EXERCISE AIM. When you restate the data, keep every word as it is and drop the images.

START DATASET EXCERPT

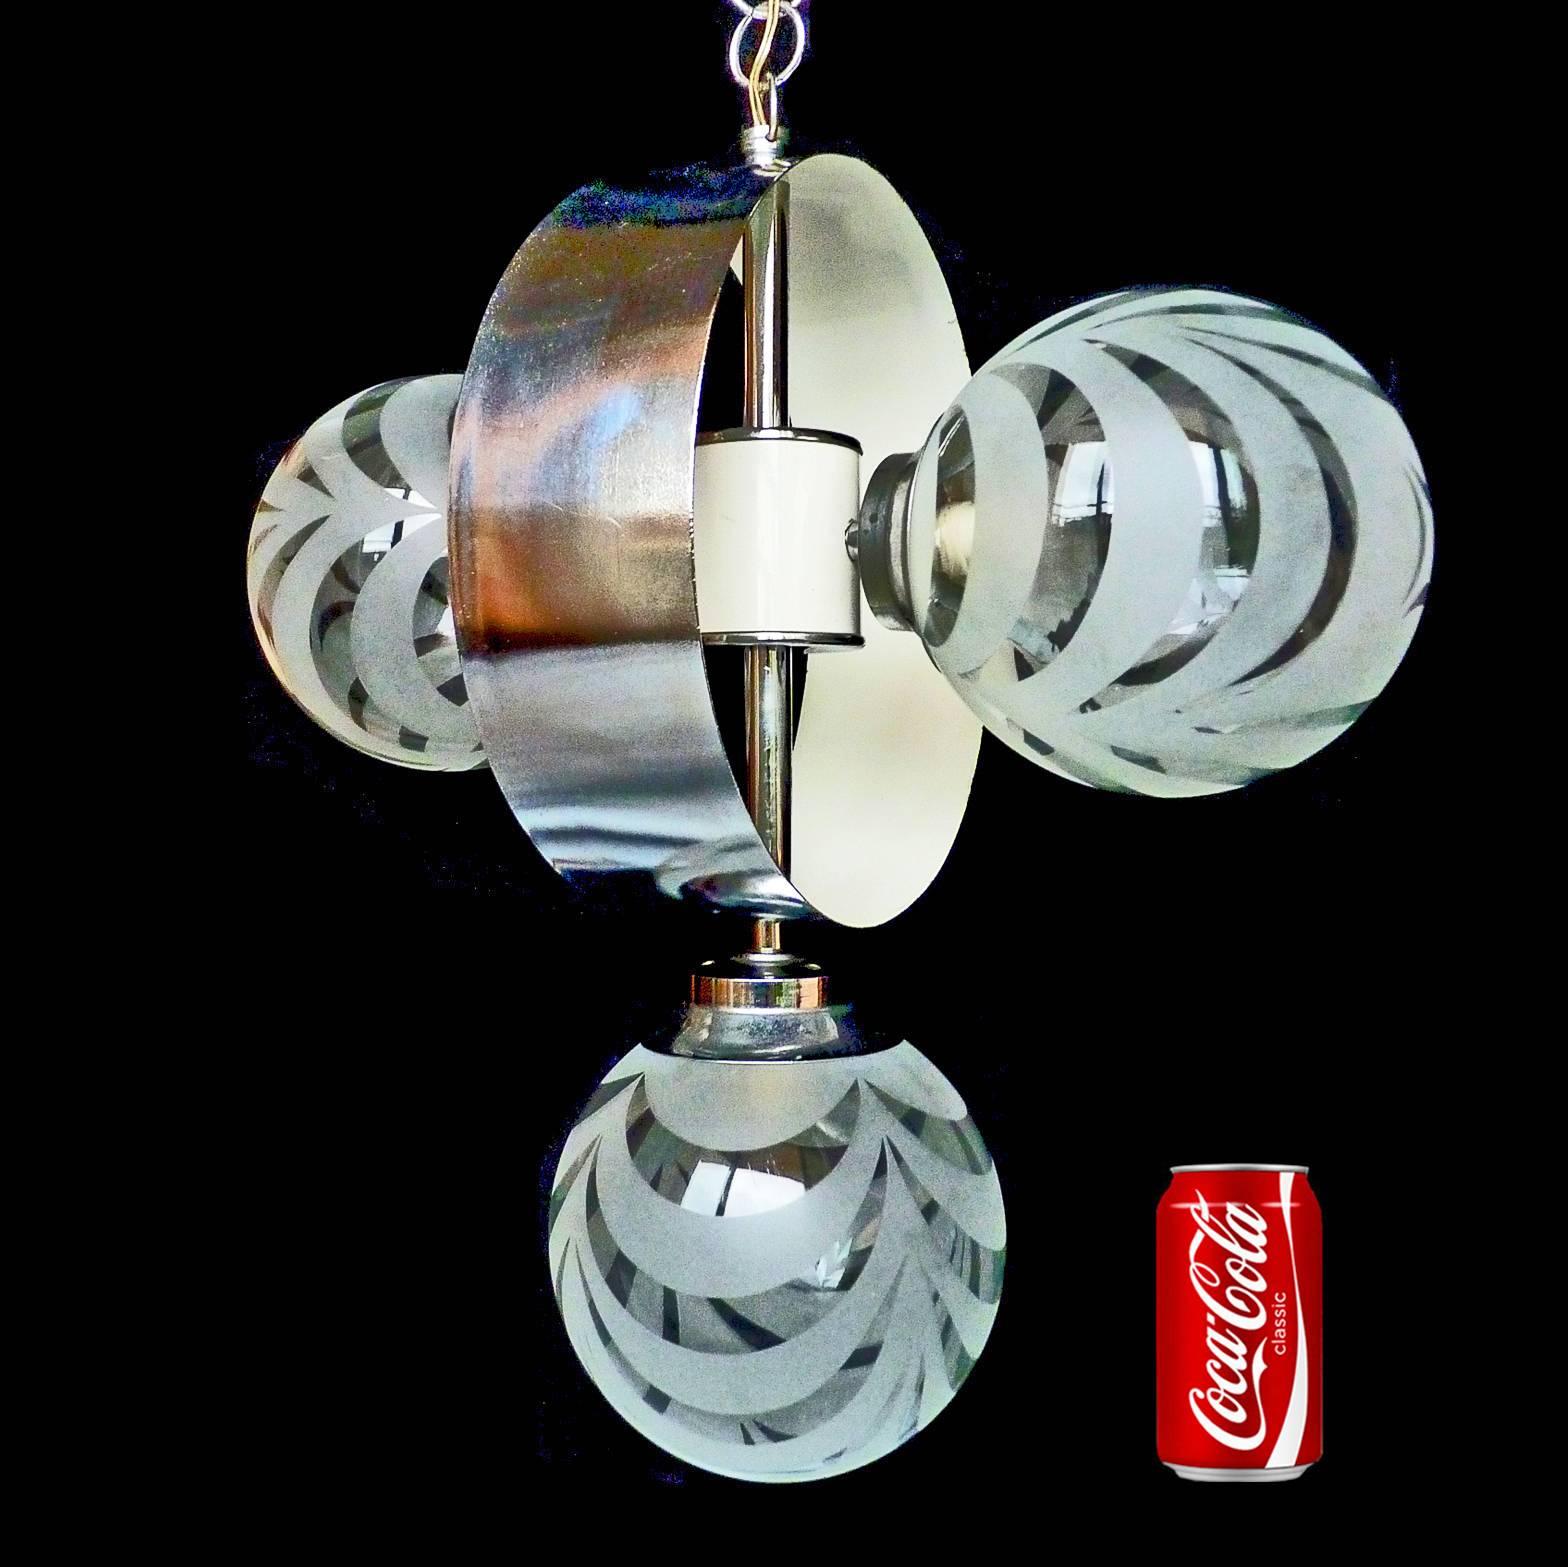 Vintage midcentury Italian chrome atomic Space Age Sputnik orbit chandelier
Measures:
Diameter 17 in / 44 cm
Height 33 in (16, 5

END DATASET EXCERPT

REPLY TO THE EXERCISE.
 Vintage midcentury Italian chrome atomic Space Age Sputnik orbit chandelier
Measures:
Diameter 17 in / 44 cm
Height 33 in (16, 5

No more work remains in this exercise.